House Votes to Roll Back Post-2008 Financial Rules

WASHINGTON (AP) — The Republican-led House approved sweeping legislation Thursday to undo much of former President Barack Obama’s landmark banking law created after the 2008 economic crisis that caused millions of Americans to lose their jobs and homes.

The largely party-line vote was 233-186, as Republicans argued the rules designed to prevent another meltdown were making it harder for community banks to lend and hampered the economy. No Democratic lawmakers supported the measure; only one Republican opposed it.
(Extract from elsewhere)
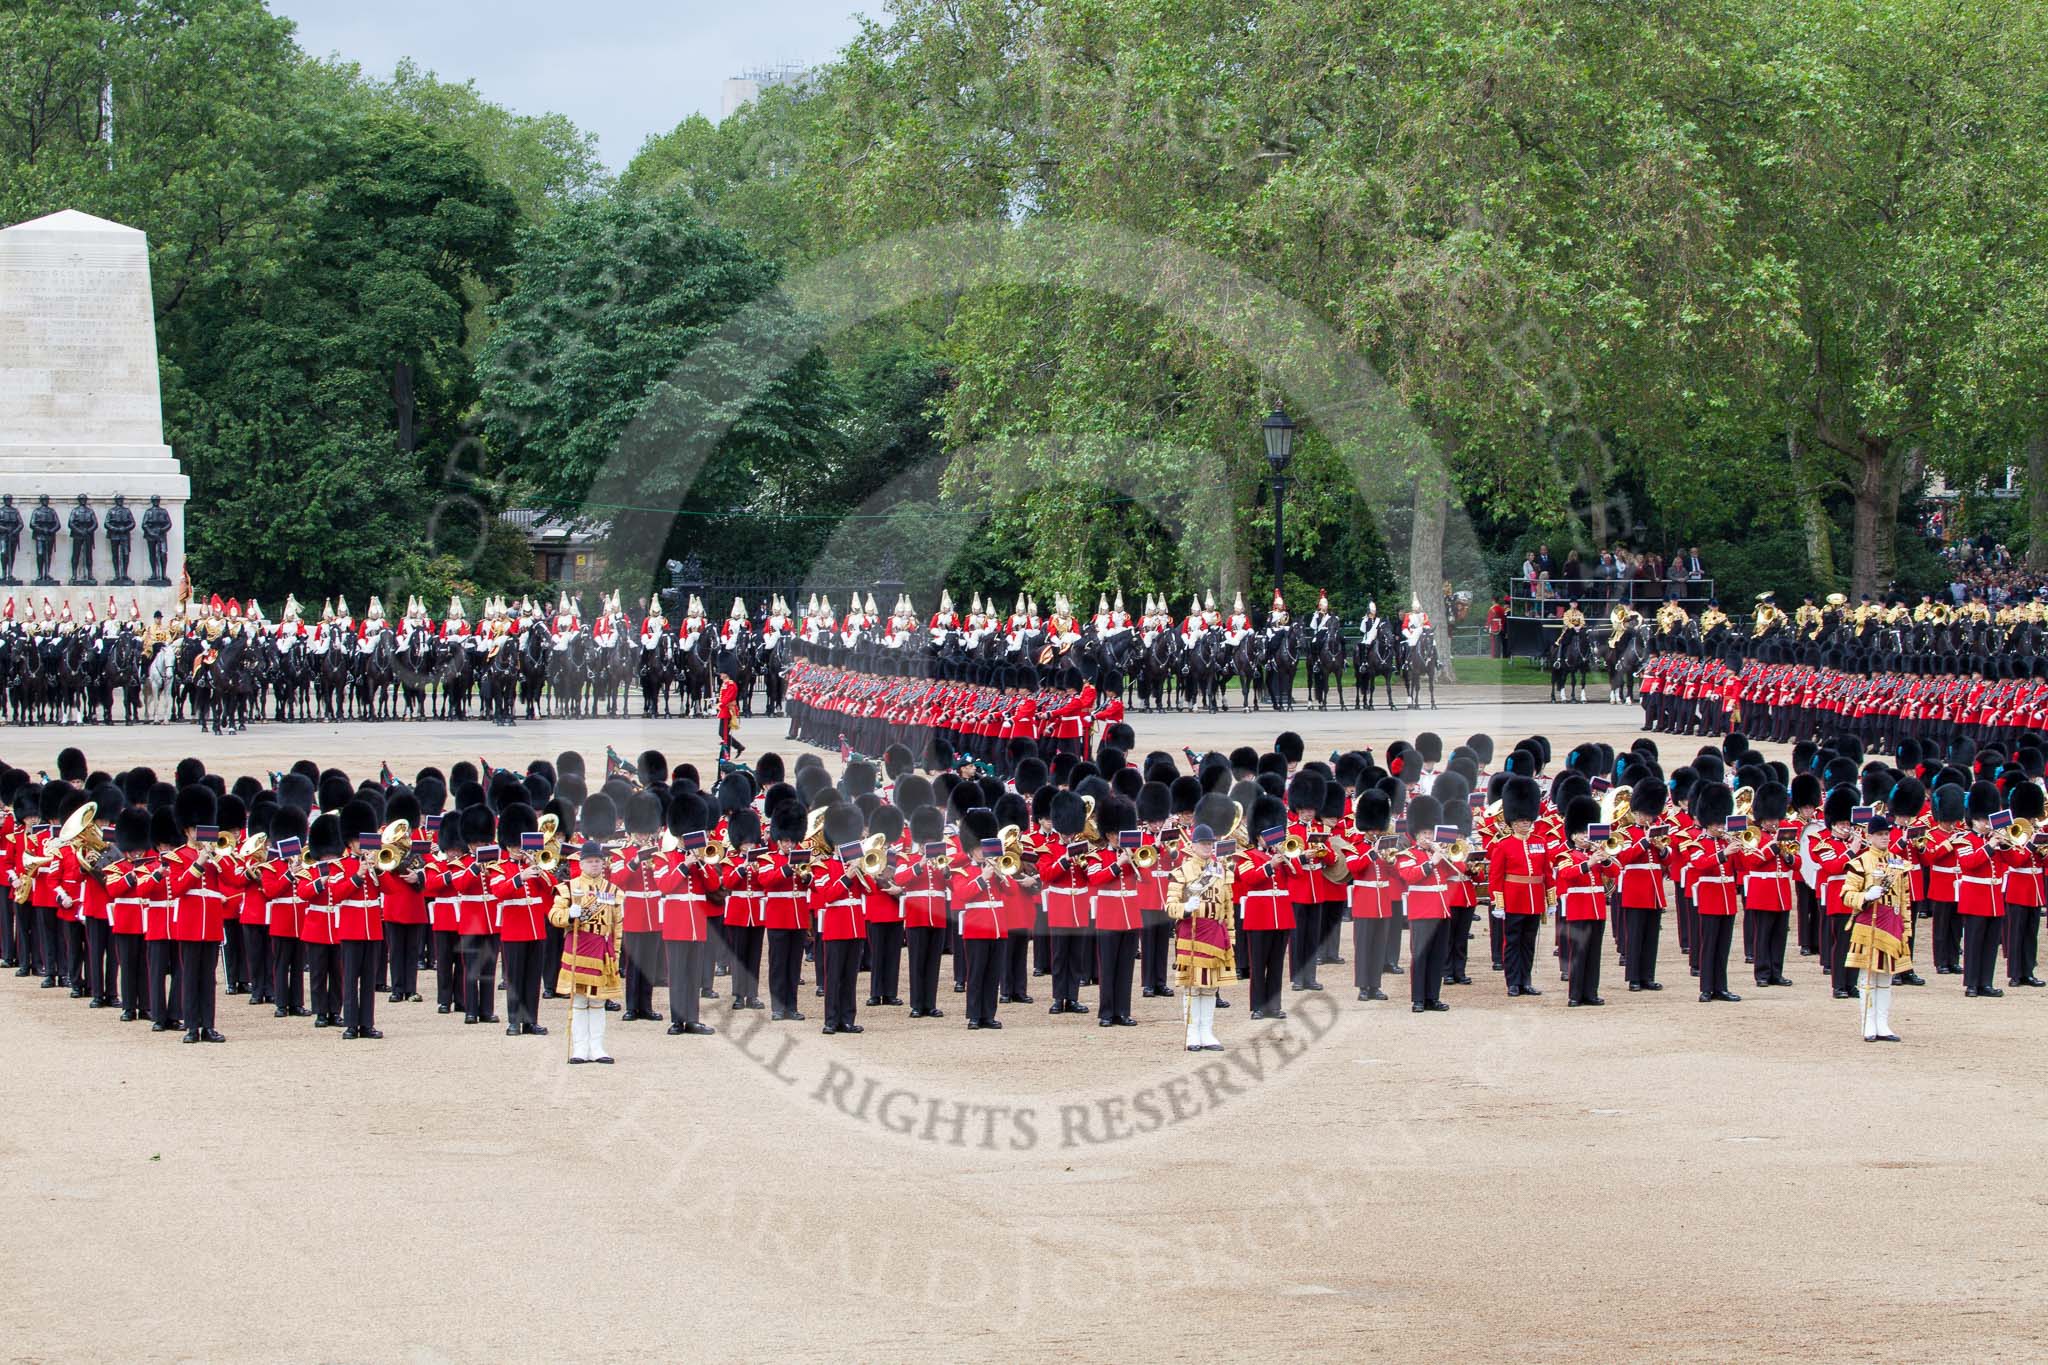 Trooping the Colour 2012: The March Past: No. 2 Guard, 1st Battalion Coldstream Guards,and No. 3 Guard, No. 7 Company, Coldstream Guard, marching between the Household Cavalry on the St.  James's Park side of Horse Guards Parade, and the Massed Bands in the centre..
Horse Guards Parade, Westminster,
London SW1,

United Kingdom,
on 16 June 2012 at 11:42, image #470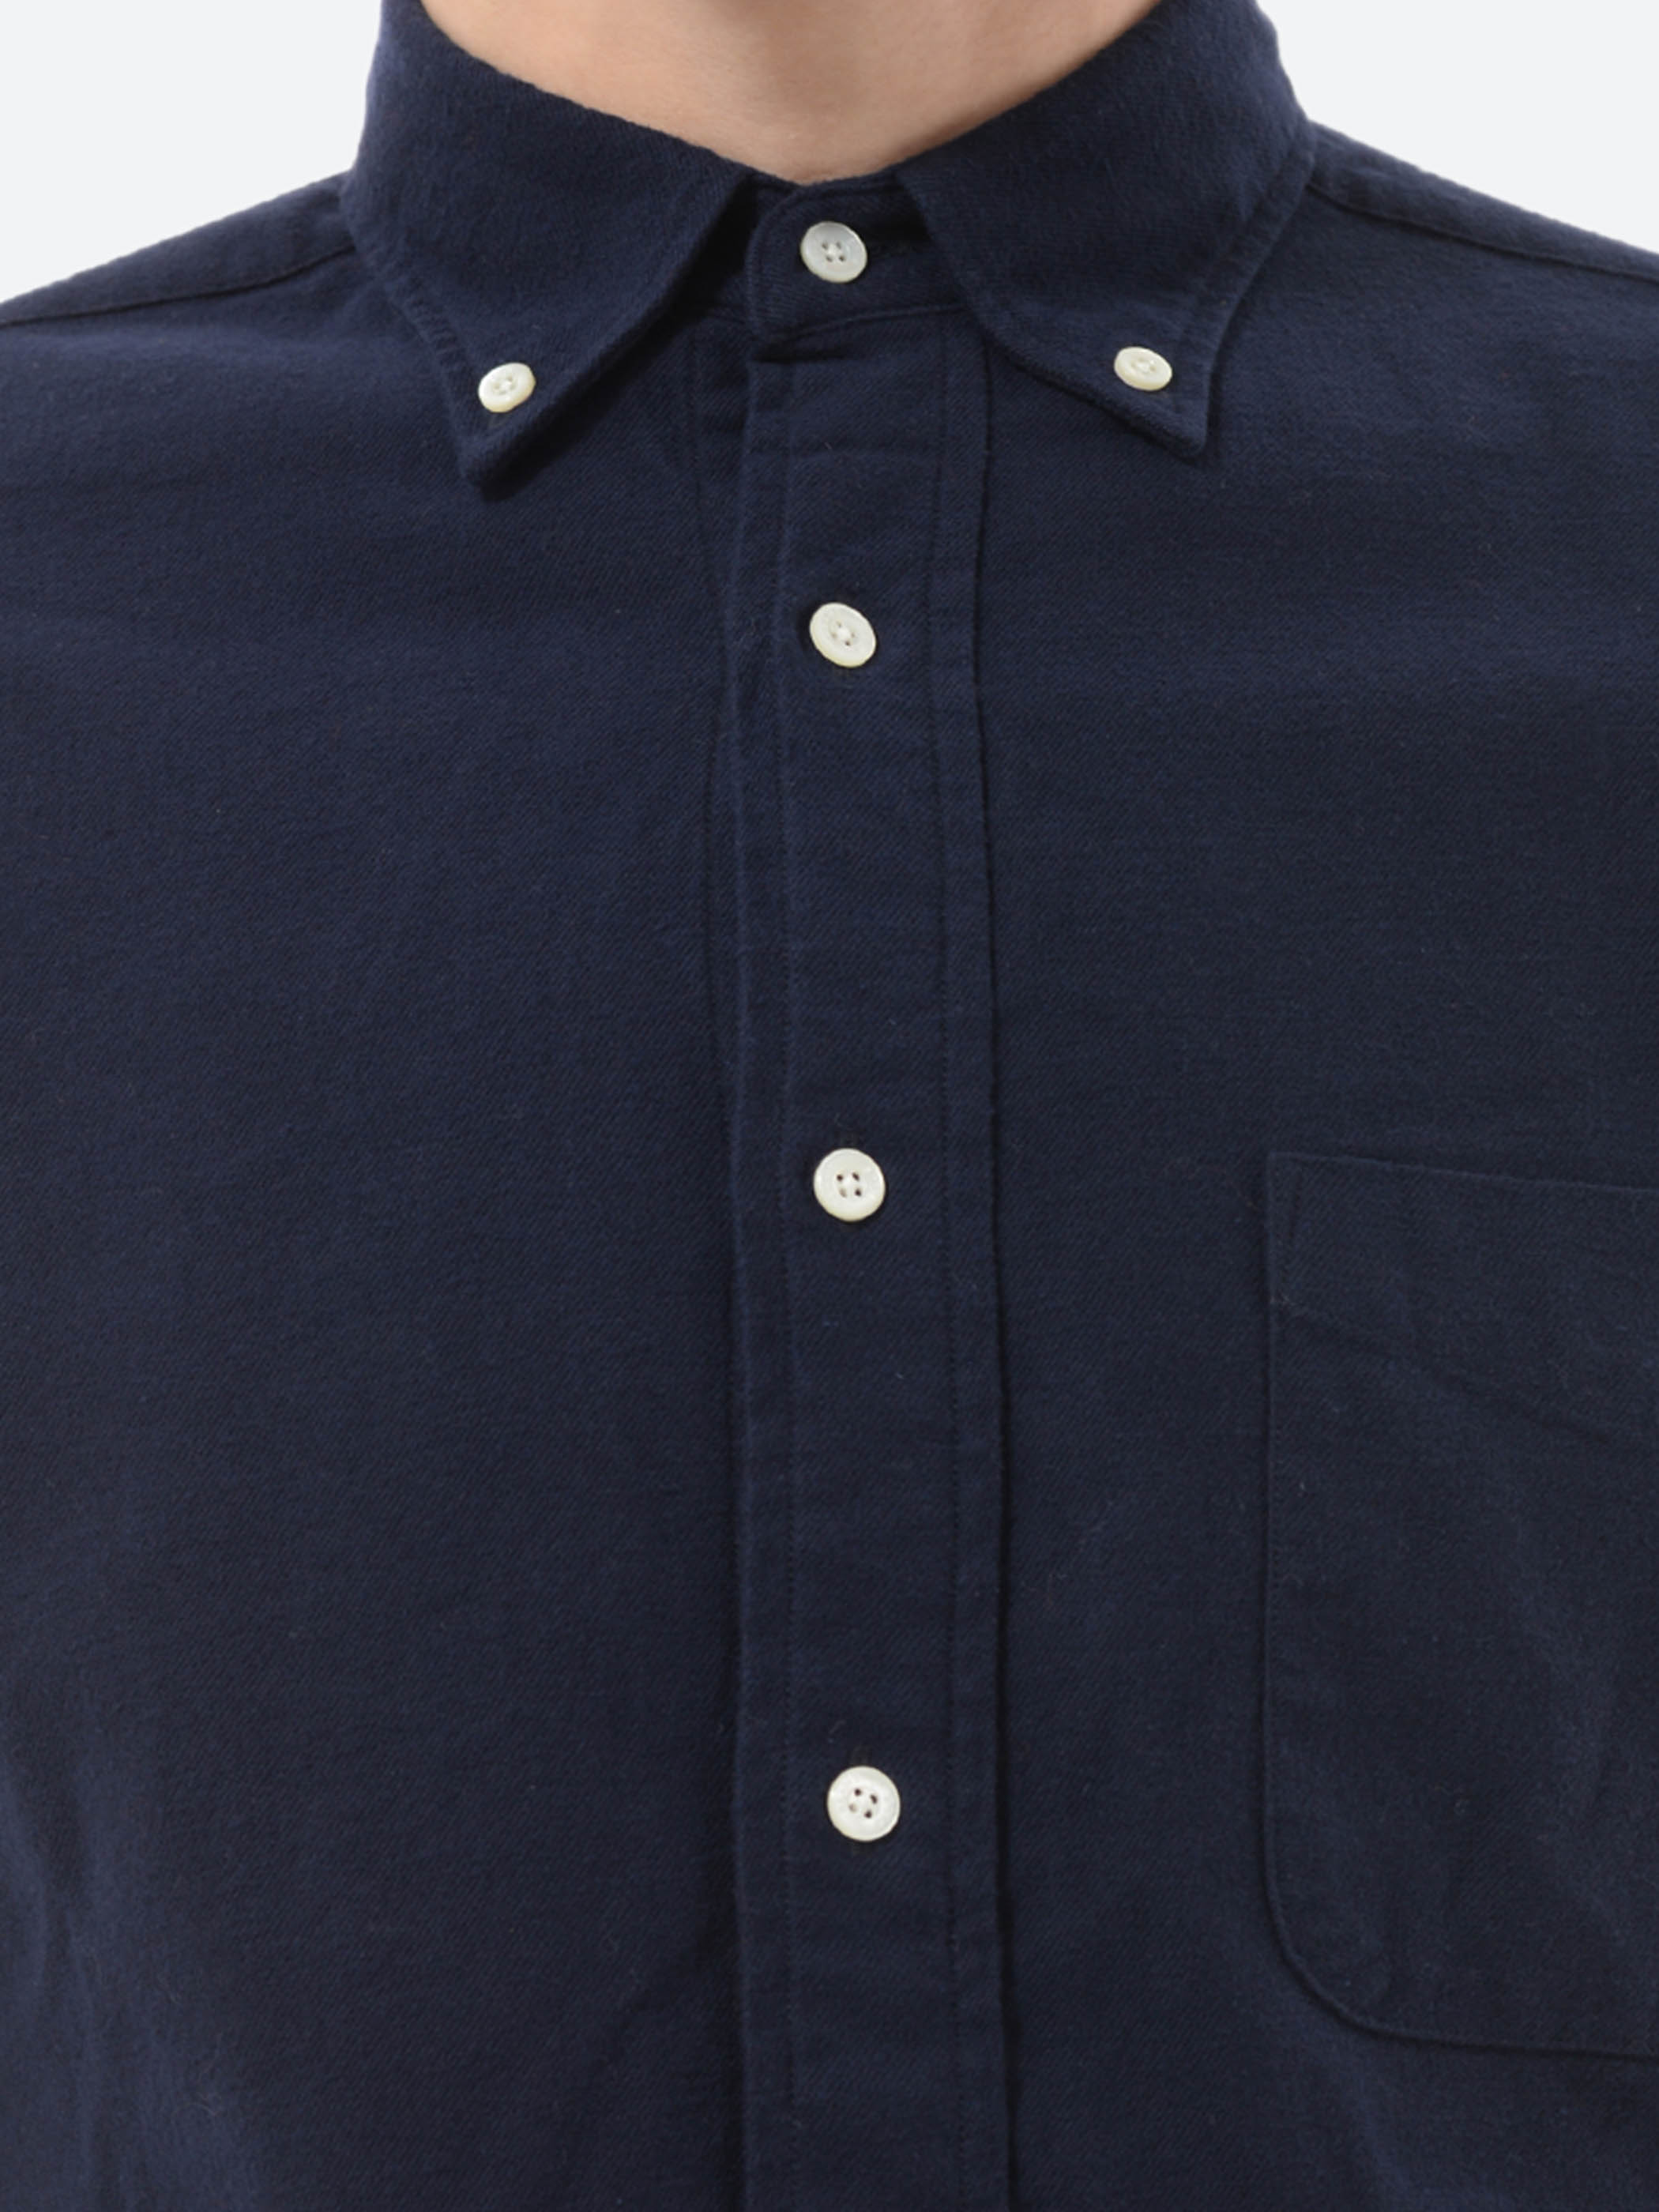 Flannel Solid Button Down Shirt

“Our community banks are in trouble,” said Speaker Paul Ryan, R-Wis. “They are being crushed by the costly rules imposed on them by the Dodd-Frank Act. This law may have had good intentions but its consequences have been dire for Main Street.”

House passage was widely expected, but the Republican overhaul of the 2010 Dodd-Frank law is unlikely to clear the Senate in its current form. Senators have said they’ll spend the next few months trying to find common ground on legislation designed to boost the economy. Potential areas for compromise include changes to how much capital banks must maintain and decreasing the paperwork burden for small lenders.

President Donald Trump had said he wants to do “a big number” on Dodd-Frank, and the House vote marks progress toward that goal.